#### ACTION ITEM:
Please keep to the lines below from the one with "Cravata grena print floral 0" through the one with "Elkton Creek Smelter - Plan View", and restate them word for word, ends included.

Extracted data entries:
▬▬▬▬▬▬

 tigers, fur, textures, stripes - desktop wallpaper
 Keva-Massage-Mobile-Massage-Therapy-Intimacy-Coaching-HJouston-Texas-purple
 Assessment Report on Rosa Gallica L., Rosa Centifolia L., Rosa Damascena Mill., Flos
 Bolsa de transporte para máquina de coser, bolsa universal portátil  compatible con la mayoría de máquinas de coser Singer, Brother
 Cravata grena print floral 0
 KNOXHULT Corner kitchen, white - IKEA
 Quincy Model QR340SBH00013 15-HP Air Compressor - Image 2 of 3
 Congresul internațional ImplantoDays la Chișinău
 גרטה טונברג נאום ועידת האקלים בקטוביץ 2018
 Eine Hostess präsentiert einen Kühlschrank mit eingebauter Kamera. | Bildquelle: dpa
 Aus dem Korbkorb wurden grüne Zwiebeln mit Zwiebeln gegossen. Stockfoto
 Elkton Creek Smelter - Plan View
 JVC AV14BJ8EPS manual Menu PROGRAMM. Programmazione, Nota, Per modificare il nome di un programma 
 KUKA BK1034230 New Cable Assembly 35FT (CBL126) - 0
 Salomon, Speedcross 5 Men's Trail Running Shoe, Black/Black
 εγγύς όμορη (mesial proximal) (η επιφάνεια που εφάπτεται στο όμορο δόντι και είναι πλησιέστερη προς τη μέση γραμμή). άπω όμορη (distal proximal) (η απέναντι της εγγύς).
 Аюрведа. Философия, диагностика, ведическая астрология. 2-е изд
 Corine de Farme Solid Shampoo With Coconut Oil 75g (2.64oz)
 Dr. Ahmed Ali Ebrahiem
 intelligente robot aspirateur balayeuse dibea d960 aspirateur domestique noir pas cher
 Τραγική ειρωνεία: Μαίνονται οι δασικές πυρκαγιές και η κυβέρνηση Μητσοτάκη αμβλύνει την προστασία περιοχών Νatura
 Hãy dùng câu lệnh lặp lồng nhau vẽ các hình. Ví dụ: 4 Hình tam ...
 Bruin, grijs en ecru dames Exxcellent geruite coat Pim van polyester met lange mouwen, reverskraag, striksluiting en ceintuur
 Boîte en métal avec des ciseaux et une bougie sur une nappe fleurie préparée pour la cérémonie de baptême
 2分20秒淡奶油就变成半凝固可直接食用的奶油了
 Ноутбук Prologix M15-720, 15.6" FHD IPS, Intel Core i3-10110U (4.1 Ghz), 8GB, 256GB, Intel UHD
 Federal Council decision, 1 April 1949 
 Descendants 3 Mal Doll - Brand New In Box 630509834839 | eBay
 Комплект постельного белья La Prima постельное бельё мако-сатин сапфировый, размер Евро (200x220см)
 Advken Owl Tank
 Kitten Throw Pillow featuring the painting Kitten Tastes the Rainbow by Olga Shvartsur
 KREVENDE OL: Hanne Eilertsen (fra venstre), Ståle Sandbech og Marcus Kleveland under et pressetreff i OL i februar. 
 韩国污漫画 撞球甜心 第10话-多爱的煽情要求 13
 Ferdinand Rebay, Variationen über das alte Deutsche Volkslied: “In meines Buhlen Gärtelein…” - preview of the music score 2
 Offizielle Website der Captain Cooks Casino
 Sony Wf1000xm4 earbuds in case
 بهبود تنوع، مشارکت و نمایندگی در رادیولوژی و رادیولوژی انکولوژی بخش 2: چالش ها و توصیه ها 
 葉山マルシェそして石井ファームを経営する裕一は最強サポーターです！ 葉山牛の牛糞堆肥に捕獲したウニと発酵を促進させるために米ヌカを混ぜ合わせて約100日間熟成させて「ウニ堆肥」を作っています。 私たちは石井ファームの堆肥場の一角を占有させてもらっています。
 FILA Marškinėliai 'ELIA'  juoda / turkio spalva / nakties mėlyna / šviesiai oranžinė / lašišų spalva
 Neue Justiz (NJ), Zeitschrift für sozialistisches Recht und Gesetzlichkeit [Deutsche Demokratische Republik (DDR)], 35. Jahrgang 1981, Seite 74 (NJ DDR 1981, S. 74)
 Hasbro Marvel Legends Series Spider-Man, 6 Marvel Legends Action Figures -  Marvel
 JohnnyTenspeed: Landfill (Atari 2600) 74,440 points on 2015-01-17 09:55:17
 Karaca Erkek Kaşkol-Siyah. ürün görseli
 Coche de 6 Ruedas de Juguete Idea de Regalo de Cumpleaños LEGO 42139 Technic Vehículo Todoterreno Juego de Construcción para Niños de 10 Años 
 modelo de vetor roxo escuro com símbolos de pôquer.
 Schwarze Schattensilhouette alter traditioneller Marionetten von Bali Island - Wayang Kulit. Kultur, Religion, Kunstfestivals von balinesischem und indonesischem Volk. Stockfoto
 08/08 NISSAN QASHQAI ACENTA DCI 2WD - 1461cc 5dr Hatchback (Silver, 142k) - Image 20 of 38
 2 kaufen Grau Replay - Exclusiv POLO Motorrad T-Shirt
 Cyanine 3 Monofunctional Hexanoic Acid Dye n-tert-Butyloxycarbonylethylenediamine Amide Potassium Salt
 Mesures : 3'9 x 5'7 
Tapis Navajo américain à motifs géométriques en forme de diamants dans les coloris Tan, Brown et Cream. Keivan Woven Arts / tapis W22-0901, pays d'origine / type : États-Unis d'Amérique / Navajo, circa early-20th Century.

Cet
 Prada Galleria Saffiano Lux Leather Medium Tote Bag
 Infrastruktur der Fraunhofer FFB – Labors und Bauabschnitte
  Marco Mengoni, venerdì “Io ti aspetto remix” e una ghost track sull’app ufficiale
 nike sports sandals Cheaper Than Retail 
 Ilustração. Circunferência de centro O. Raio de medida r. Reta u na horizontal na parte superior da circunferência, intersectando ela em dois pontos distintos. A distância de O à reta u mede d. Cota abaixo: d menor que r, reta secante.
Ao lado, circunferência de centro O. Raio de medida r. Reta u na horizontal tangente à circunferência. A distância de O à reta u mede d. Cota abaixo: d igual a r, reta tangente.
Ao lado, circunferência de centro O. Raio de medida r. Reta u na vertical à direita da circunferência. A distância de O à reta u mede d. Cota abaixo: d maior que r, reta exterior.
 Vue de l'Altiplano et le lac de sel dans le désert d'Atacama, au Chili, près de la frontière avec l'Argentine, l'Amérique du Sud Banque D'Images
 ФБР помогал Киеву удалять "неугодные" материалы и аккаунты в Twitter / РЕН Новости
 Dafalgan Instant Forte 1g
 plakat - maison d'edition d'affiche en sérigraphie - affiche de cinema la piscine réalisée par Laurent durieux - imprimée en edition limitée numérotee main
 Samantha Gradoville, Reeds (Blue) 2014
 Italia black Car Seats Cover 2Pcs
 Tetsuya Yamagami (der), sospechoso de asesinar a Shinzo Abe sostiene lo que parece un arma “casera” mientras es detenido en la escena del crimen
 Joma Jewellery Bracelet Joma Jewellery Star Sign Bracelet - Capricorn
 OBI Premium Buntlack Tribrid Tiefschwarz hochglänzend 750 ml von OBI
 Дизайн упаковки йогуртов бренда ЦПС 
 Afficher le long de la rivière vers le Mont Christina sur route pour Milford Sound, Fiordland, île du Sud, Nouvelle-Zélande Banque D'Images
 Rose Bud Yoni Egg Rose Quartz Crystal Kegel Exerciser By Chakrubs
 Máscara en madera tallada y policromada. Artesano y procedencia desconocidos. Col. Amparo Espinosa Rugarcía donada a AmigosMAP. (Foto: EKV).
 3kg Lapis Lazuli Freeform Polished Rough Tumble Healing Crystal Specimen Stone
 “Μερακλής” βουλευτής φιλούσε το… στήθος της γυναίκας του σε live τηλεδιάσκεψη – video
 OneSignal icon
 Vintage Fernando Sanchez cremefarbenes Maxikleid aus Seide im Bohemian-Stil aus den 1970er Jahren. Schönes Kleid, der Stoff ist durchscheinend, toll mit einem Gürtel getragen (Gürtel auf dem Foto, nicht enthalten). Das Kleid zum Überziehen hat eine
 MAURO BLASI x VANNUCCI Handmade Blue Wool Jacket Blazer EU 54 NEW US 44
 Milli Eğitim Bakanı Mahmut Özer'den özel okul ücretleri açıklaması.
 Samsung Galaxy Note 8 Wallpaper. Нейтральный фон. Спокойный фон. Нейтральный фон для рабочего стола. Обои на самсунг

▬▬▬▬▬▬

#### OUTPUT FOR THIS TASK:
 Cravata grena print floral 0
 KNOXHULT Corner kitchen, white - IKEA
 Quincy Model QR340SBH00013 15-HP Air Compressor - Image 2 of 3
 Congresul internațional ImplantoDays la Chișinău
 גרטה טונברג נאום ועידת האקלים בקטוביץ 2018
 Eine Hostess präsentiert einen Kühlschrank mit eingebauter Kamera. | Bildquelle: dpa
 Aus dem Korbkorb wurden grüne Zwiebeln mit Zwiebeln gegossen. Stockfoto
 Elkton Creek Smelter - Plan View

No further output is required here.